Gorin asintió, sin hablar.

—Será mejor que ponga a alguien en su casa, con él —reflexionó Greenspan. El joven del bigote acercó el teléfono a Liebermann. Éste se puso las gafas y sacó un sobre del bolsillo de la chaqueta.

—Hola, señor Wheelock. ¿Sabe que su hijo es Hitler? —enunció Bachrach, desde la ventana.

—No voy a mencionar para nada al muchacho —explicó Liebermann—. Tal como se hizo la adopción, eso podría ser suficiente para que cuelgue. ¿Se marca directamente, no?

—Si tiene el prefijo…

Liebermann fue marcando el número que tenía escrito en el sobre.

—Ya deben de haber salido de la escuela —recordó Gorin—, de manera que es probable que se ponga el chico.

—Ya somos amigos —respondió secamente Liebermann—. Me encontré dos veces con él.

Al otro extremo de la línea, sonó el teléfono y volvió a sonar. Liebermann miró a Gorin, que le contemplaba fijamente.

—¿Diga? —se oyó, gutural, una voz de hombre.

—¿El señor Henry Wheelock?

—Con él habla.

—Señor Wheelock, me llamo Yakov Liebermann y le llamo desde Nueva York. Presido el Centro de Información sobre Crímenes de Guerra, en Viena… es probable que usted haya oído hablar de nosotros.
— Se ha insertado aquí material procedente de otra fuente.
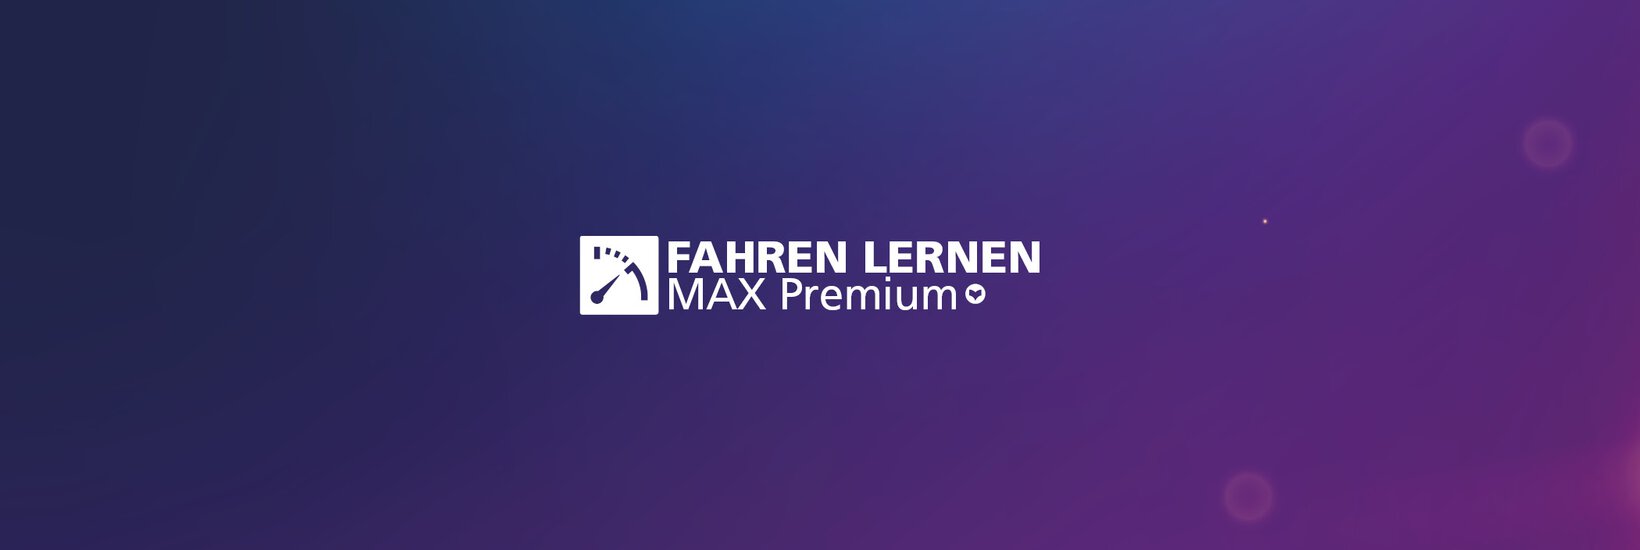 Fahren Lernen Max Premium Logo vor violetten Hindergrund

Recogemos información sobre los criminales de guerra nazis, ayudamos a encontrarlos y colaboramos en el proceso.

—Sí, algo sé. El caso Eichmann.

—Exactamente. Y otros. Señor Wheelock, en este momento sigo los pasos a alguien que se encuentra en el país. Voy para Washington para hablar del asunto con el FBI. El hombre que persigo ha matado a dos o tres personas en los Estados Unidos, no hace mucho tiempo, y planea matar a más.

—¿Quiere usted un perro guardián?

—No —respondió Liebermann— la próxima persona a quien este hombre piensa matar, señor Wheelock —miró a Gorin—, es usted.
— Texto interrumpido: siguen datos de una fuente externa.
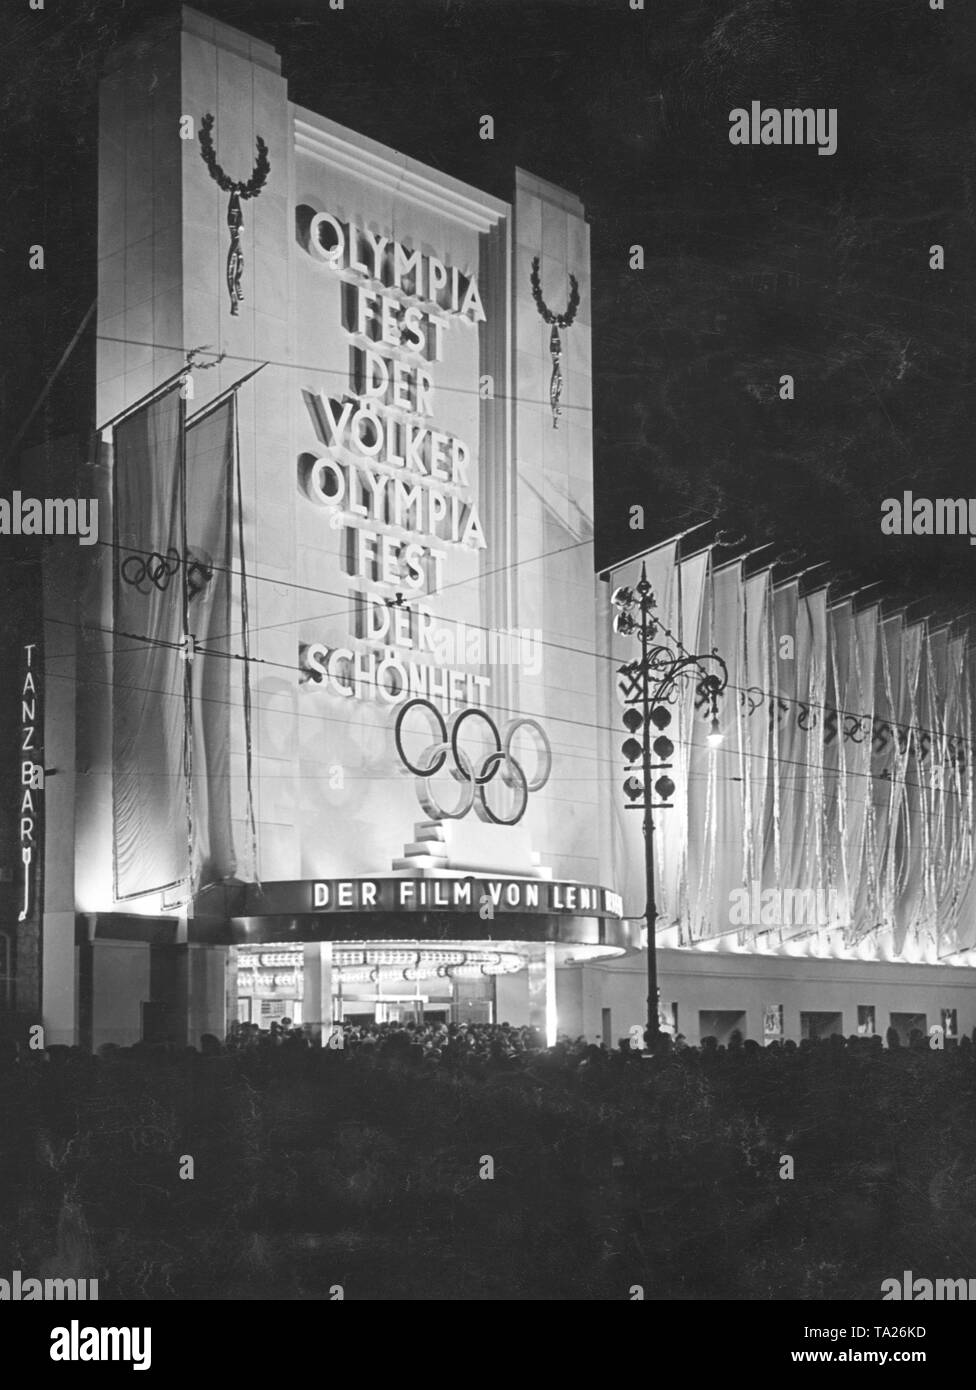 Riefenstahl met Hitler tijdens de première van Olympia

—Ah, bueno, pero ¿quién habla? ¿Ted? Sí que pareces un verdadero agente
choiman
, cabezón.

—No es ninguna broma —insistió Liebermann—. Ya sé que pensará usted que un nazi no tiene ninguna razón para darle muerte…
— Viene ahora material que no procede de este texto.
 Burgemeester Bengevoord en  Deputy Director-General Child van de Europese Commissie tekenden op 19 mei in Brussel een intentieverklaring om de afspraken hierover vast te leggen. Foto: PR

—¿Quién dijo? Yo maté a muchos
de ellos
, de manera que bien contentos estarían de igualar a puntos, si es que todavía hay alguno.


Hay uno
que…

—Bueno, de una vez, ¿quién habla?

—Habla
Yakov Liebermann
, señor Wheelock.

—¡Demonios! —masculló Gorin, mientras los otros hablaban y gruñían. Liebermann se tapó el oído con un dedo.

—Le
juro
—insistió— que hay un hombre que piensa ir a New Providence a matarle a usted, un hombre que ha estado en la SS y que llegará tal vez en cuestión de días. Lo que intento es salvarle la vida.

Silencio.

Liebermann siguió hablando:

—Estoy aquí, en el despacho del rabí Moshe Gorin, de los Jóvenes Defensores Judíos. Mientras yo no pueda conseguir para usted la protección del FBI, y eso puede llevarme una semana más o menos, el rabí quiere enviarle algunos de sus hombres, que podrían estar allí… —miró interrogativamente a Gorin.

—Mañana por la mañana.

—Mañana por la mañana —repitió Liebermann—. ¿Quiere usted cooperar con ellos hasta que lleguen allí los hombres del FBI?

Silencio.

—¿Señor Wheelock?

—Escuche, señor Liebermann, si es que
es
usted Liebermann. Está bien, puede que lo sea. Pero le diré una cosa. El hecho es que está usted hablando con uno de los hombres que gozan de mayor seguridad en los Estados Unidos. En primer lugar, he sido funcionario en una penitenciaría estatal, de modo que algo sé del asunto ese de cuidarme. Y además, mi casa está llena de dobermans adiestrados, que a una palabra mía le destrozarían el cuello a cualquiera que me mire mal.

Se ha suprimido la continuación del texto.